**Dataset entries:**
----------------------------------------
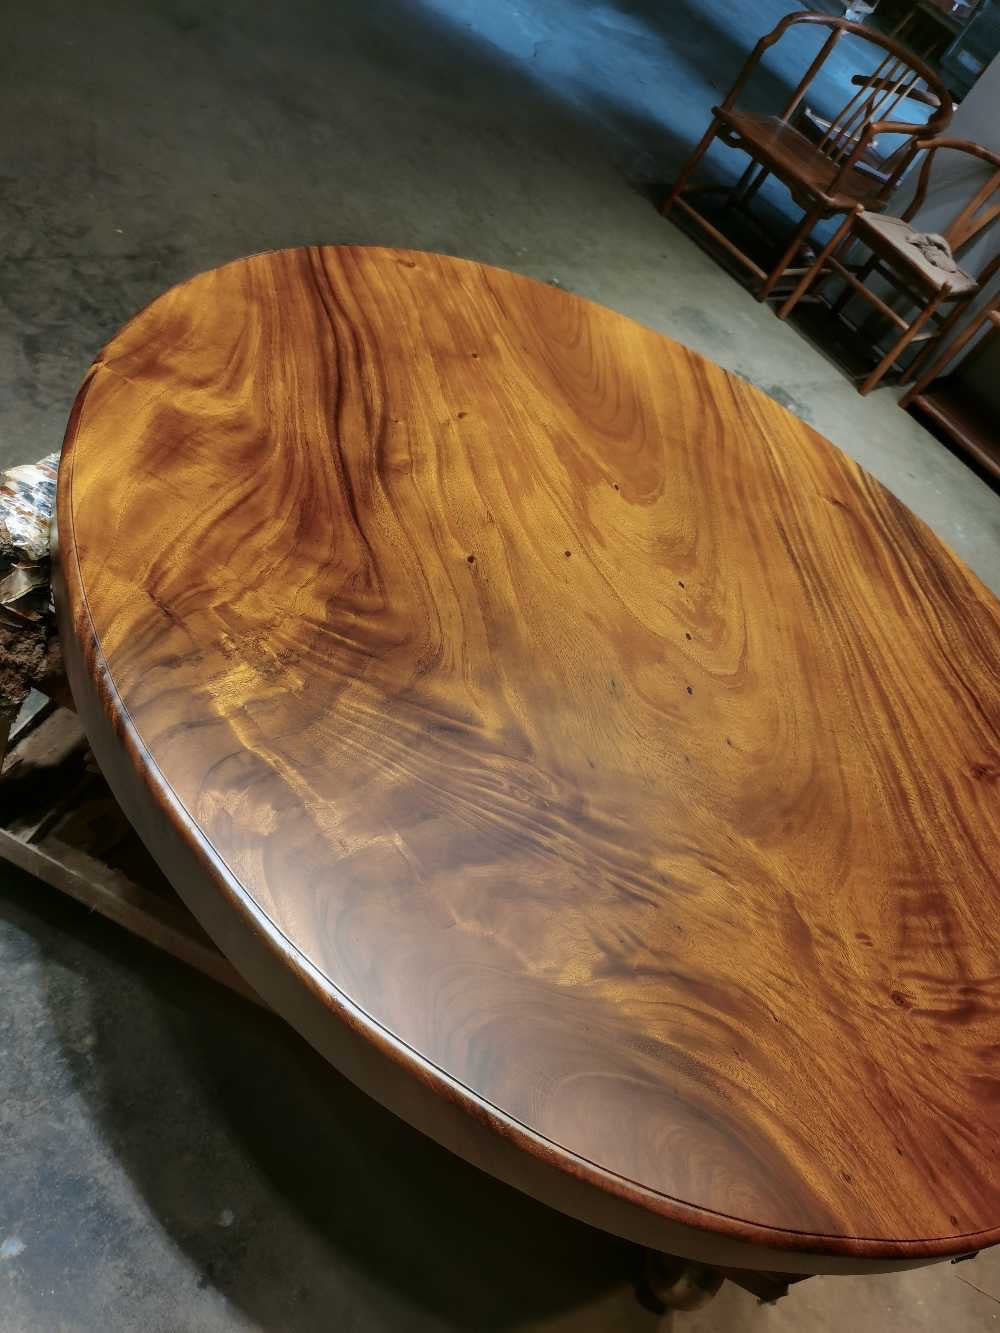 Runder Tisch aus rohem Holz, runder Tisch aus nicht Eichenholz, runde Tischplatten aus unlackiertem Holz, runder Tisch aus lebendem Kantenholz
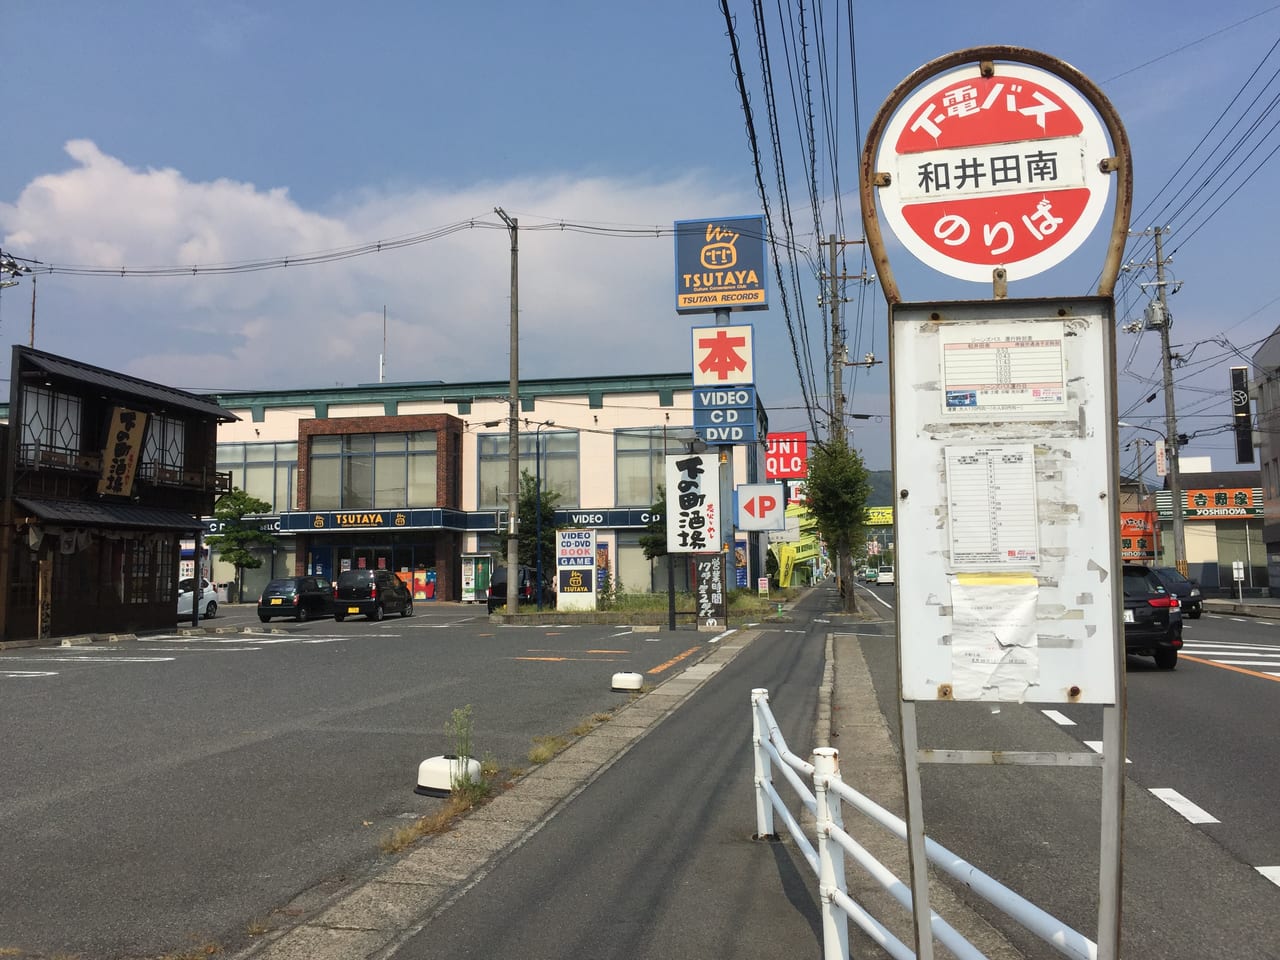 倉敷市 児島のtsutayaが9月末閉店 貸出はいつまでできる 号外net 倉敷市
----------------------------------------
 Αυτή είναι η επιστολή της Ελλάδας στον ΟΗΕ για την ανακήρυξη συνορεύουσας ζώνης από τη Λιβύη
----------------------------------------
**Work to be completed:** Print, exactly, each line above from the one with "Runder Tisch aus rohem" to the one with "倉敷市 児島のtsutayaが9月末閉店 貸出はいつまでできる 号外net 倉敷市", end lines included. Leave pictures out of it.

**Solution below:**
 Runder Tisch aus rohem Holz, runder Tisch aus nicht Eichenholz, runde Tischplatten aus unlackiertem Holz, runder Tisch aus lebendem Kantenholz
 倉敷市 児島のtsutayaが9月末閉店 貸出はいつまでできる 号外net 倉敷市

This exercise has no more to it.